Plasma prolactin in acromegaly before and after treatment
- PMID: 7251817
- DOI: 10.1210/jcem-53-2-344
Plasma prolactin in acromegaly before and after treatment
Abstract
Plasma human prolactin (hPRL) was measured in 73 untreated acromegalic patients and was found to be elevated in 32% of the total population. Hyperprolactinemia was present in 40% of the females and in 27% of the male patients.

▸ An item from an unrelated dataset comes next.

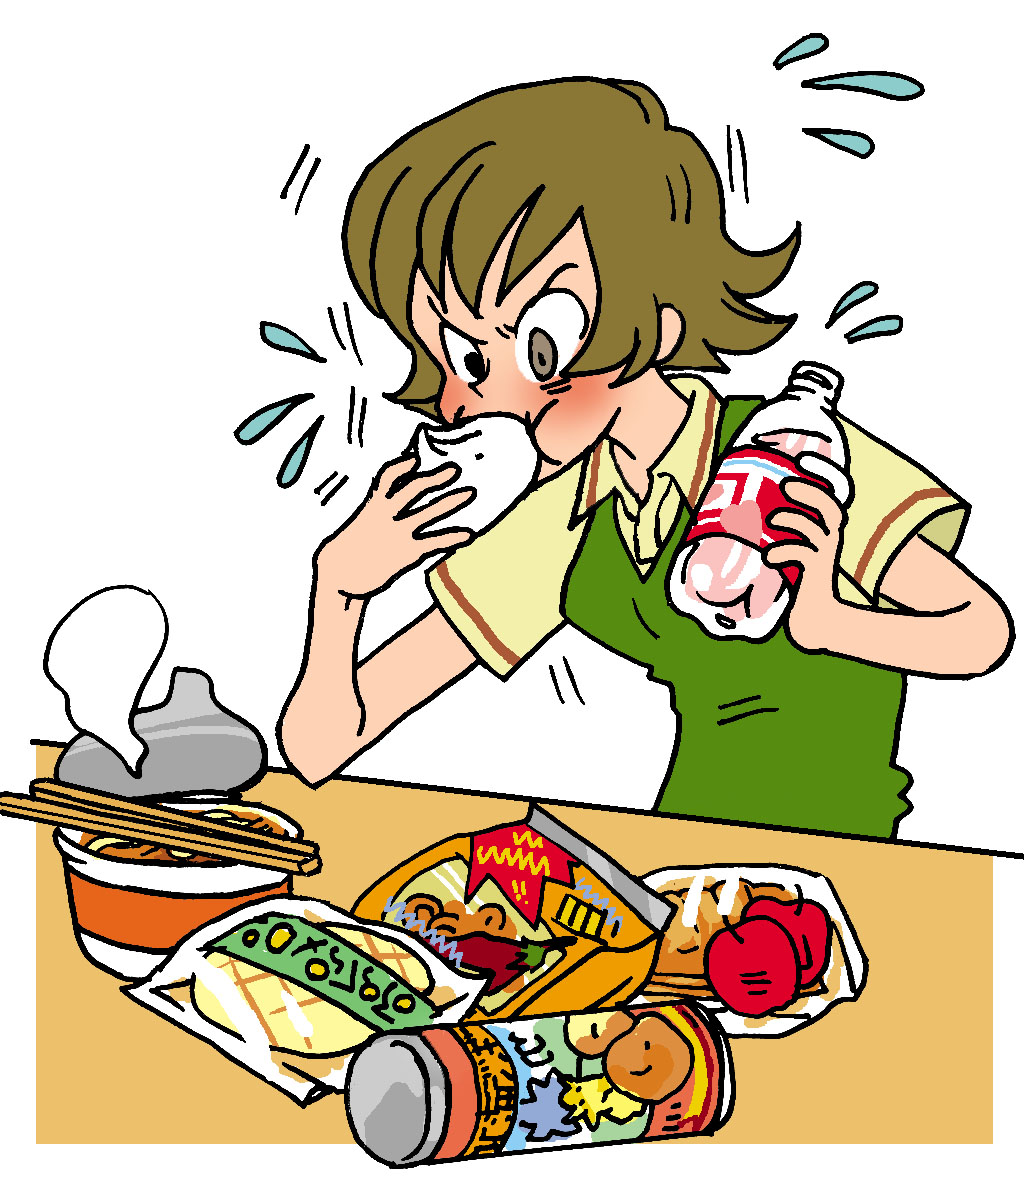 健康のために 間食について考えよう 13 10 札幌北辰病院 地域医療機能推進機構

In both groups, plasma hPRL correlated with plasma human growth hormone (hGH) levels with correlation coefficients of 0.38 (P less than 0.05) for females and 0.41 (P less than 0.005) for males. Forty-five patients were treated with conventional supervoltage pituitary irradiation and evaluated 2, 5, and 10 yr after treatment. The patients with hyperprolactinemia before irradiation showed a decrease in plasma hPRL at the most recent follow-up (mean +/- SEM, 125 +/- 34 vs. 67 +/- 15 ng/ml; P less than 0.01), although, in general, they did not achieve normal values. The patients who had normal plasma hPRL before irradiation (mean +/- SEM, 14 +/- 2 ng/ml) had increased levels after therapy (23 +/- ng/ml; P less than 0.005) but remained in the normal range during long term follow-up. In 10 patients followed for 1-10 yr without treatment, there was a tendency for plasma hPRL to rise progressively (mean increment, 122% above the initial value), with individual changes in hPRL strikingly parallel to the changes in plasma hGH. When serum hPRL was initially elevated, similar responses in both hormones were also seen in a small group of patients treated with surgical hypophysectomy. Galactorrhea was present in 5 of the 25 female patients; in 4 of the 5, plasma hPRL was within the normal range. Overall, these data suggest a closer relationship between hGH and hPRL in acromegaly than had been suspected, not only at the level of pituitary secretion but possibly also at the target cell.